### Task prompt
An exact reproduction of the listing is wanted, with the pictures dropped.

### Data below
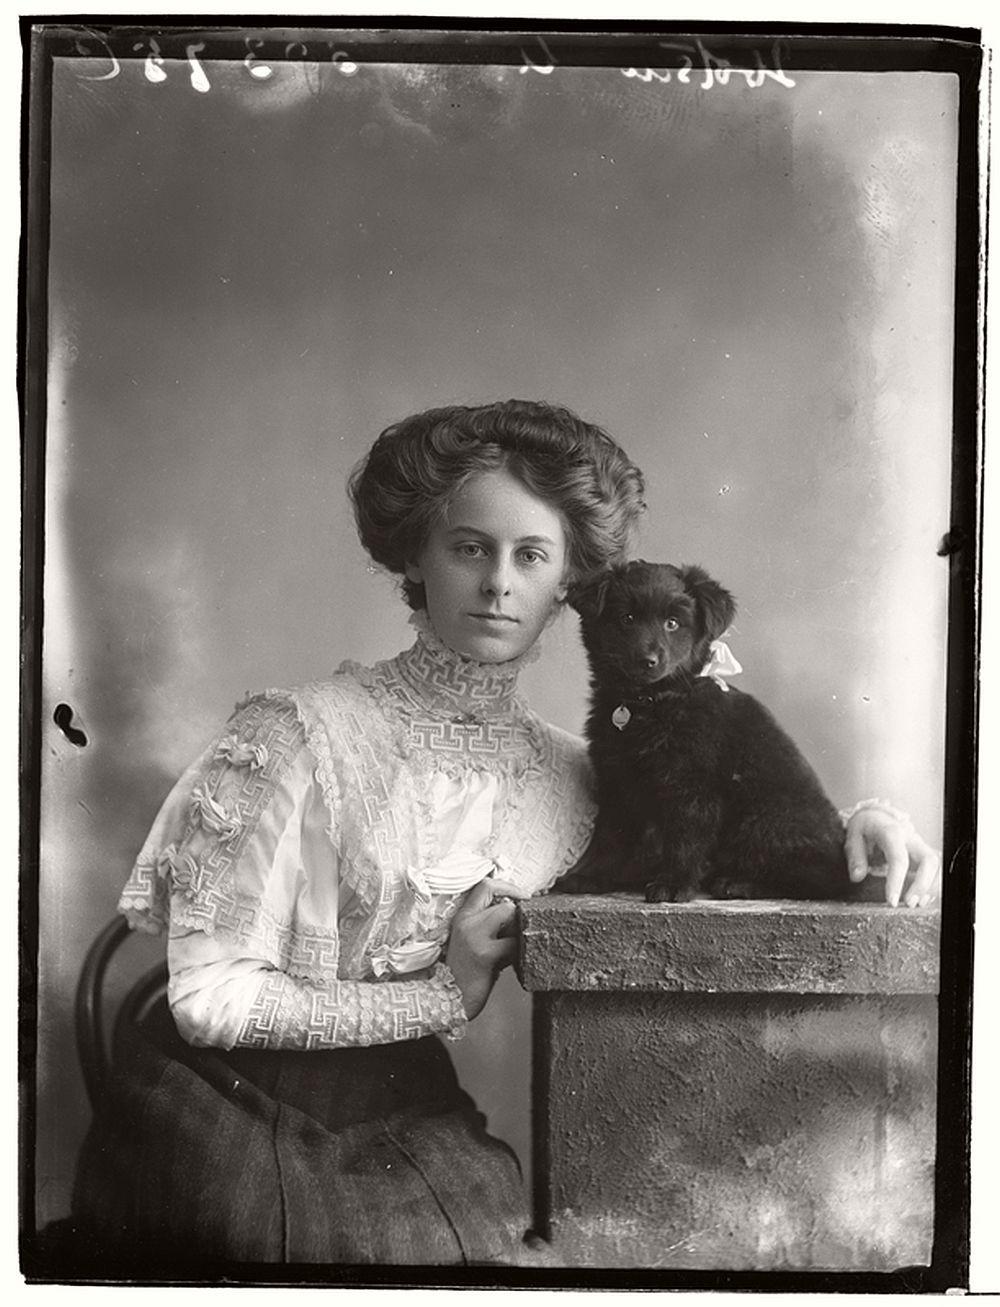 vintage-glass-wet-plate-collodion-portraits-of-pets-1910s-09
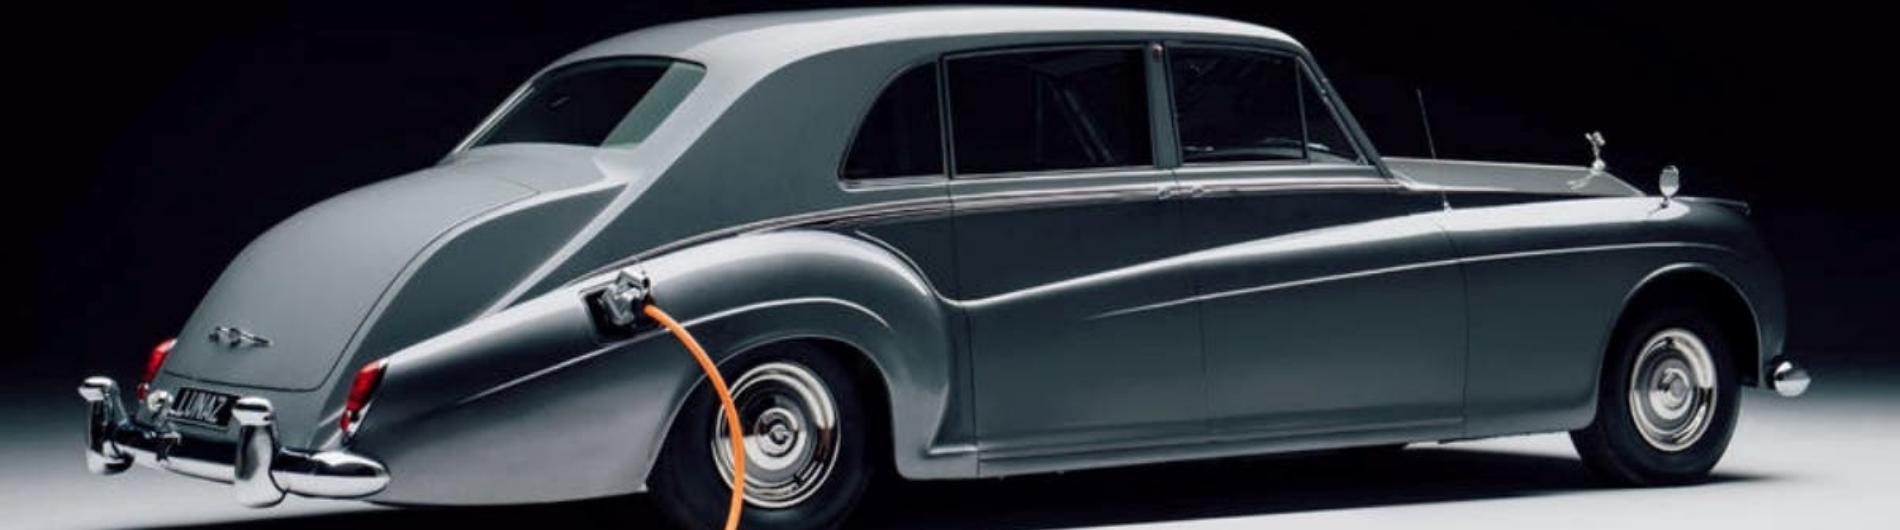 Rolls Royce Electrico
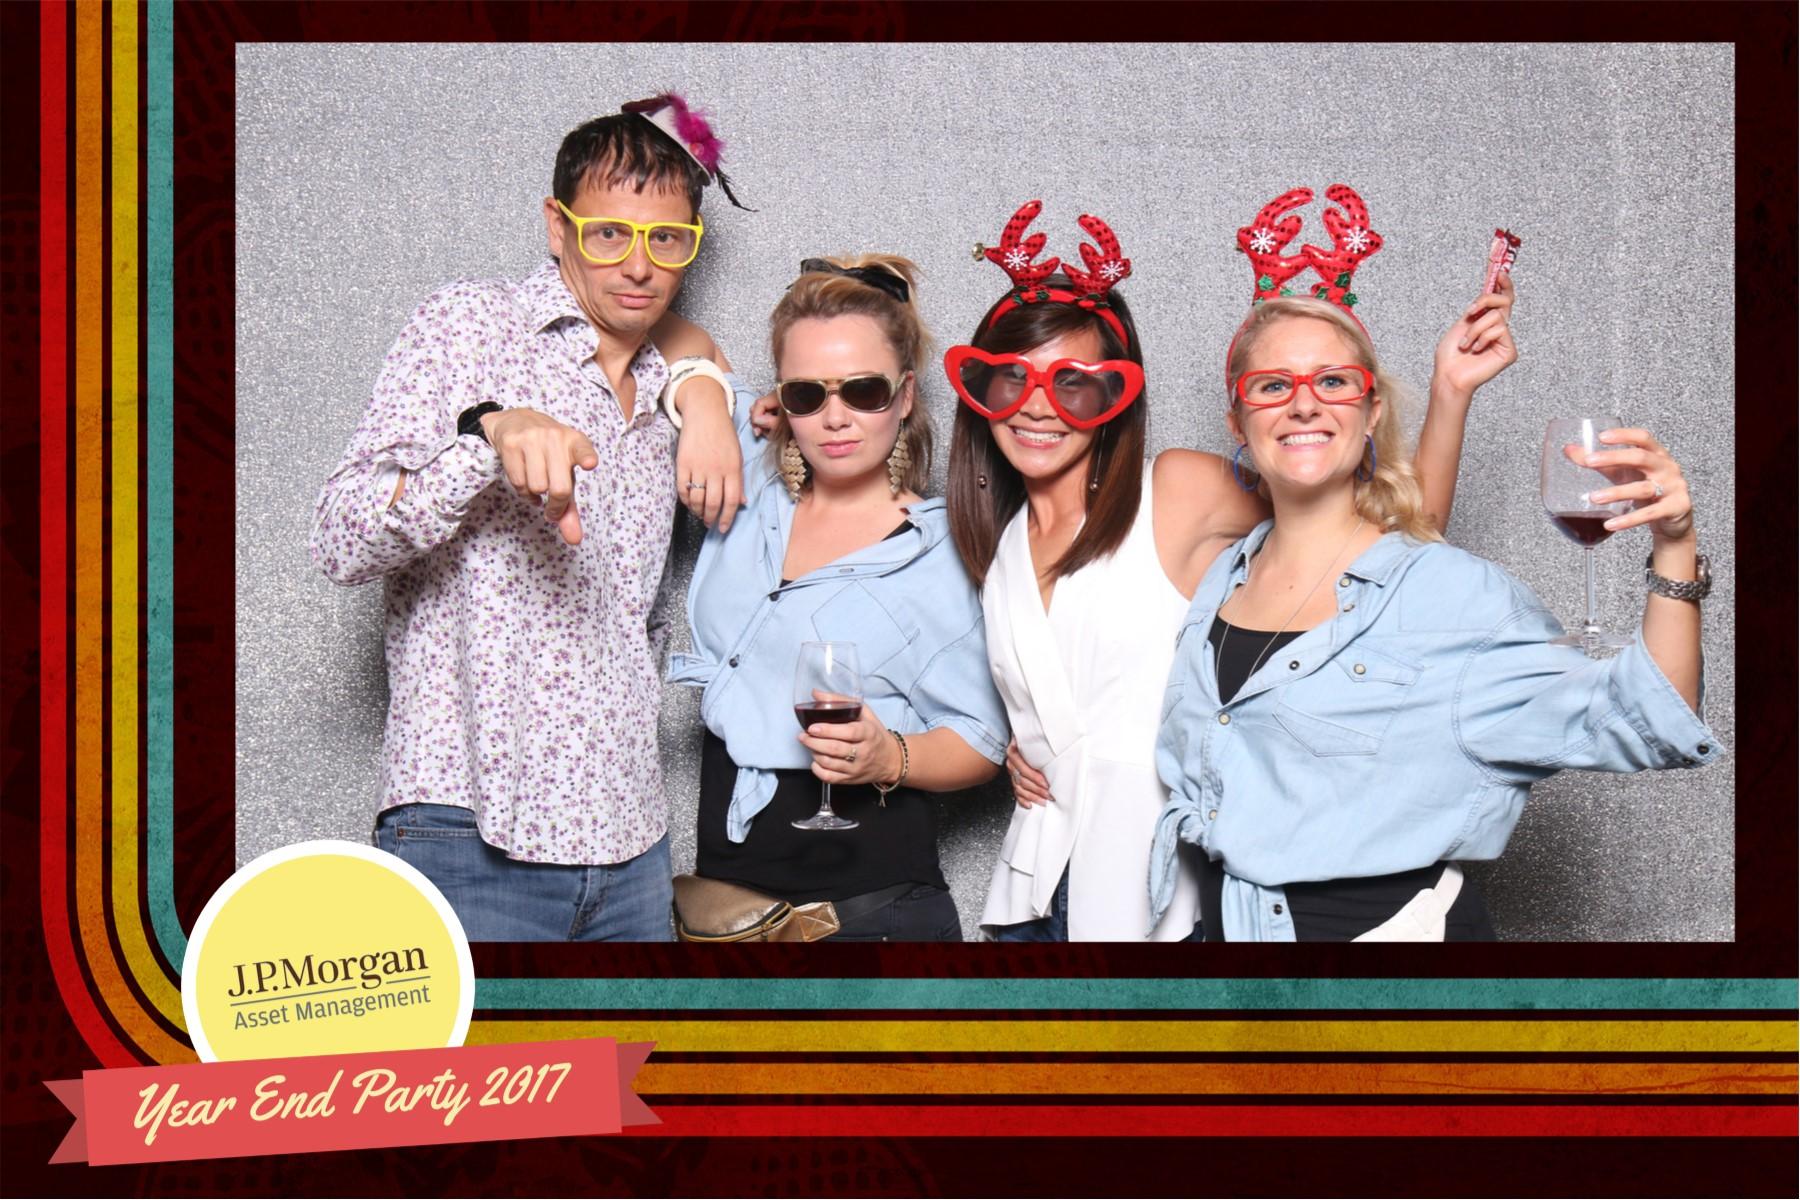 20171208 JP Morgan Year End Party

### Finished task
 vintage-glass-wet-plate-collodion-portraits-of-pets-1910s-09
 Rolls Royce Electrico
 20171208 JP Morgan Year End Party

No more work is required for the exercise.